- Directed by: Gilberto Martínez Solares
- Starring: Germán Valdés "Tin-Tan" Silvia Pinal Fannie Kauffman "Vitola"
- Release date: 1950;
- Running time: 100 minutes
- Country: Mexico
- Language: Spanish

= The King of the Neighborhood =

1949 Mexican film by Gilberto Martínez Solares

The King of the Neighborhood (El rey del barrio) is a 1950 Mexican comedy film, written and directed by Gilberto Martínez Solares, and starring Germán Valdés "Tin-Tan" and Silvia Pinal. This film marked the acting debut of José René Ruiz Martínez "Tun-Tun" and Fannie Kauffman "Vitola".

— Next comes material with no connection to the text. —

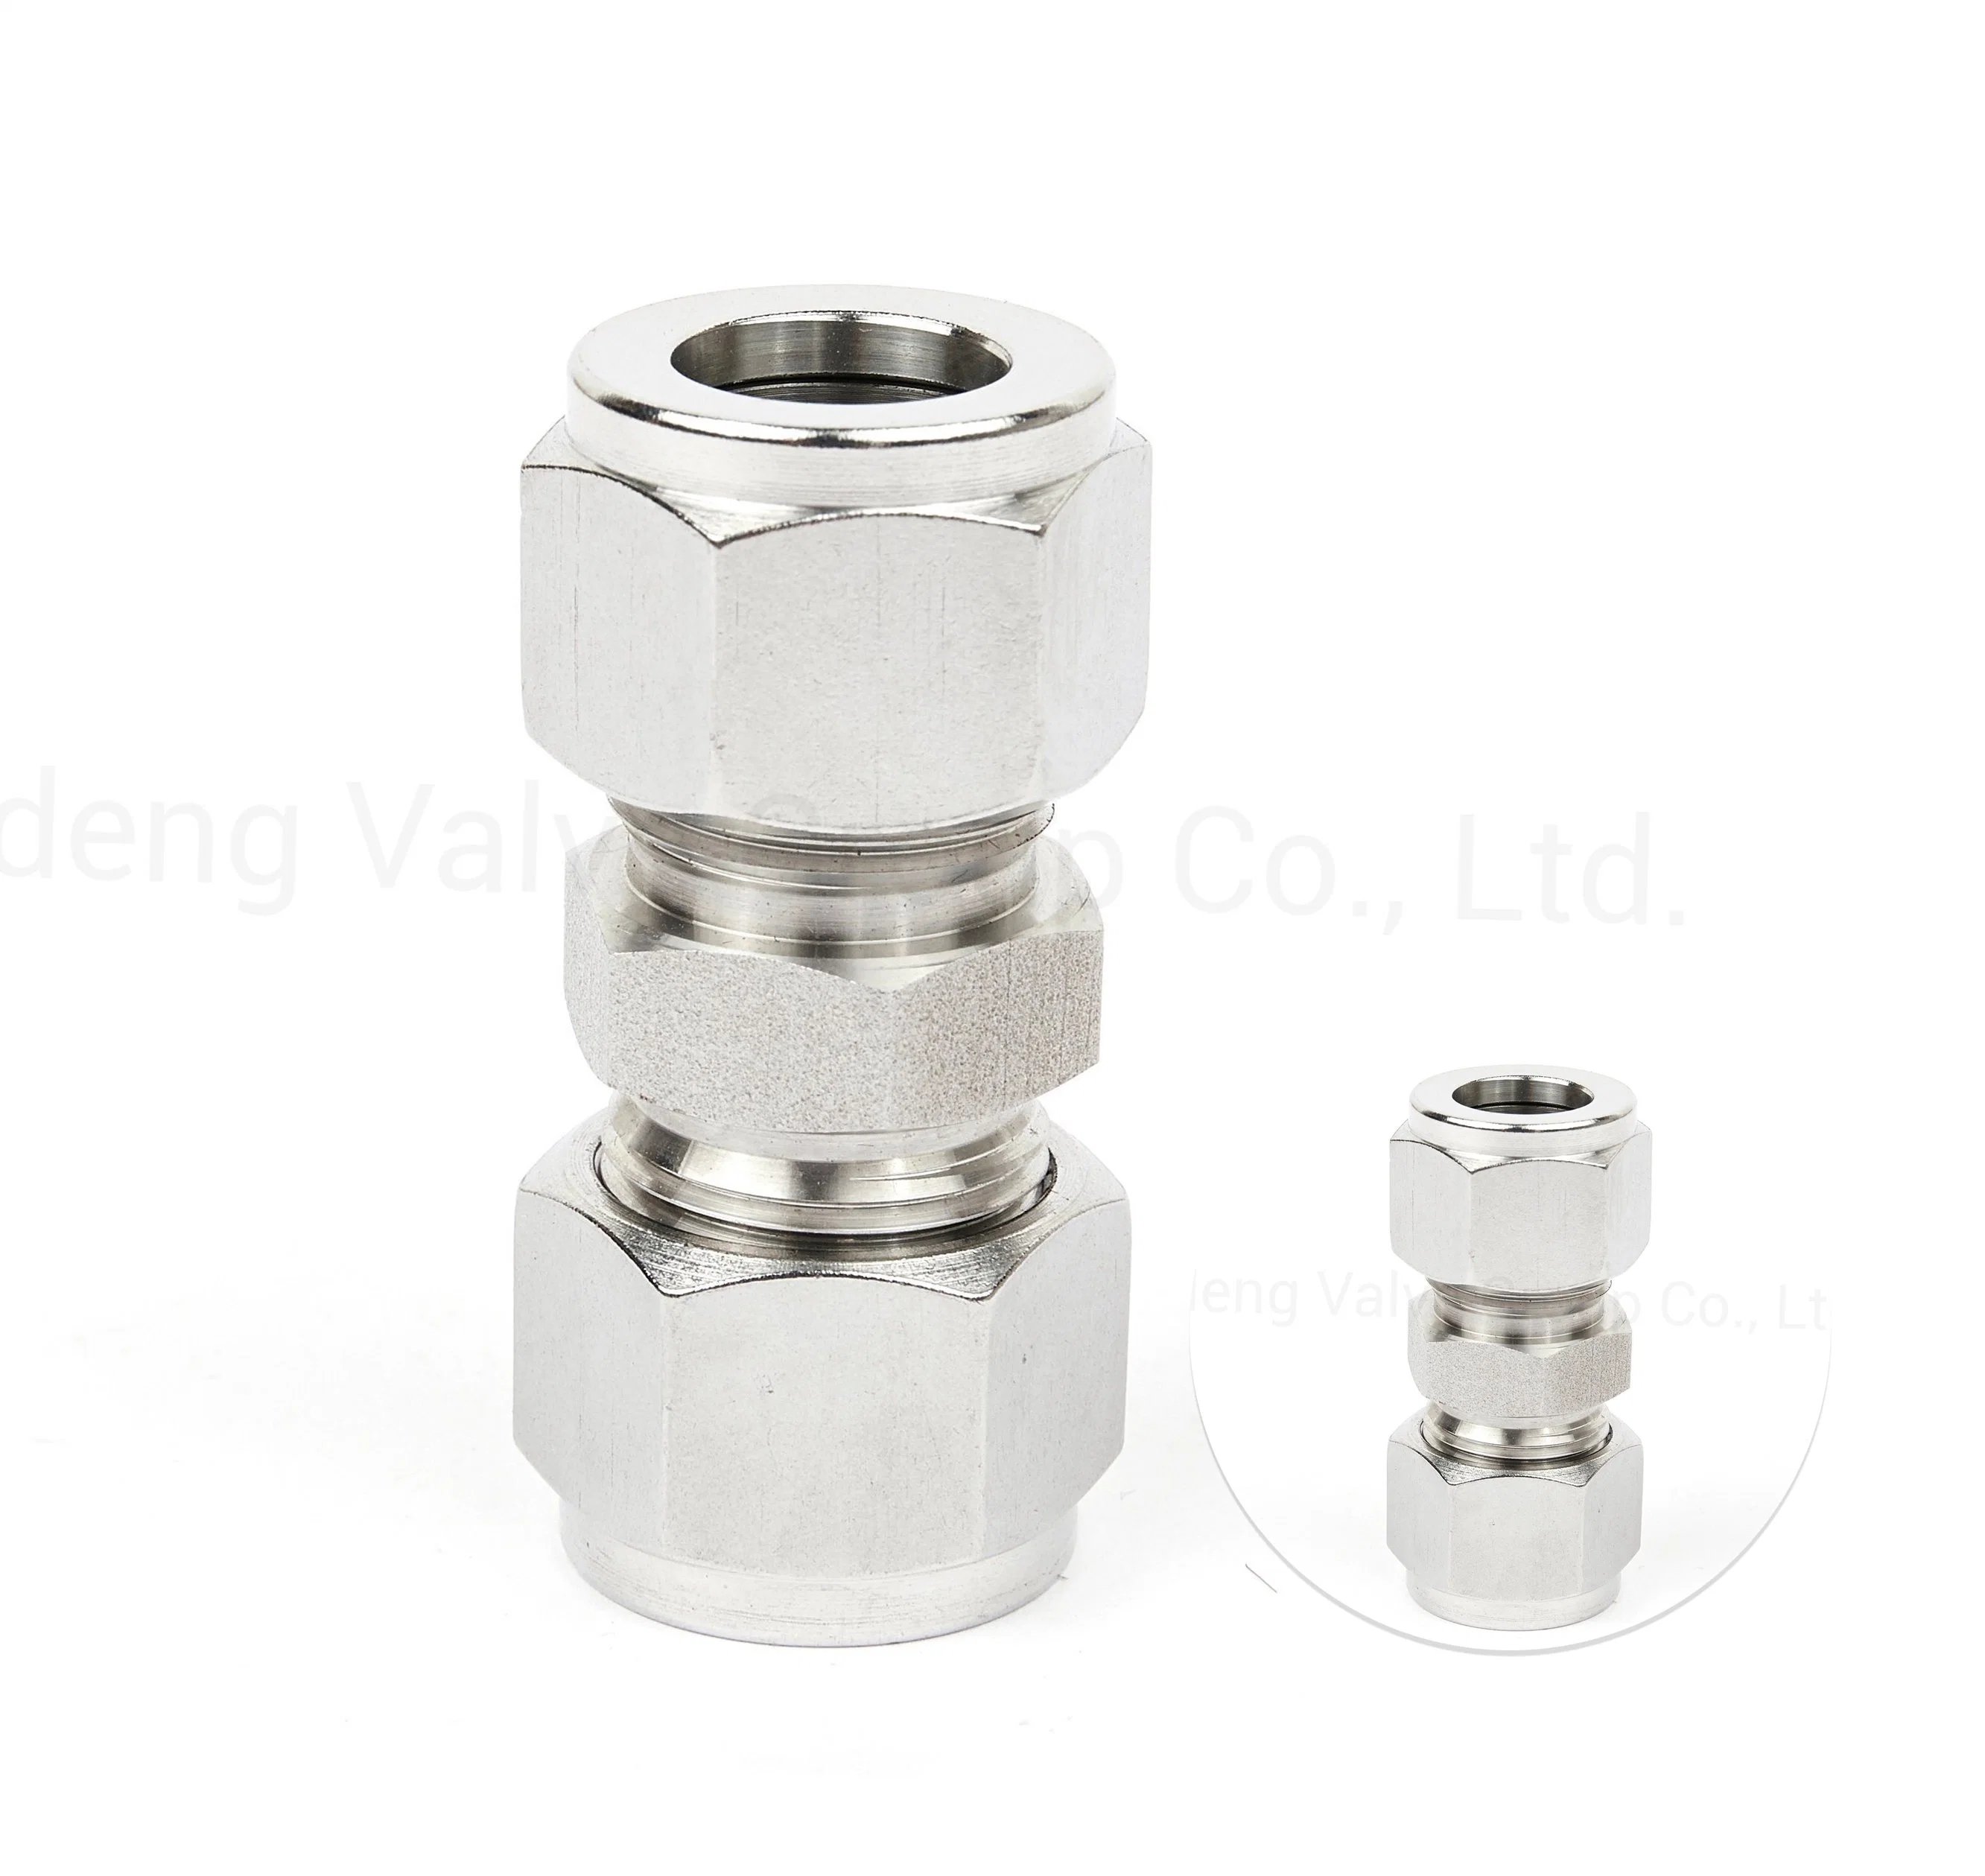 High Pressure Forged Fittings Tube Pipe Fitting Stainless Steel Straight Union Connector

It has been included in a list of the twenty most important movies in Mexican film history.

== Synopsis ==
Tin Tan is a highly popular inhabitant of his neighborhood, where he has a faithful band of followers. He leads a double life as a railroad worker by day and thief by night. He's trying to woo Carmelita, the prettiest girl there, and the many mishaps that happen while doing this.

==Cast==
- Germán Valdés as Tin Tan
- Silvia Pinal as Carmelita
- Marcelo Chávez as Marcelo, policeman
- Fannie Kauffman "Vitola" as La Nena
- Juan García as El Peralvillo
- Yolanda Montes "Tongolele" as Herself
- Ramón Valdés as El Norteño
- José Jasso "El Ojón"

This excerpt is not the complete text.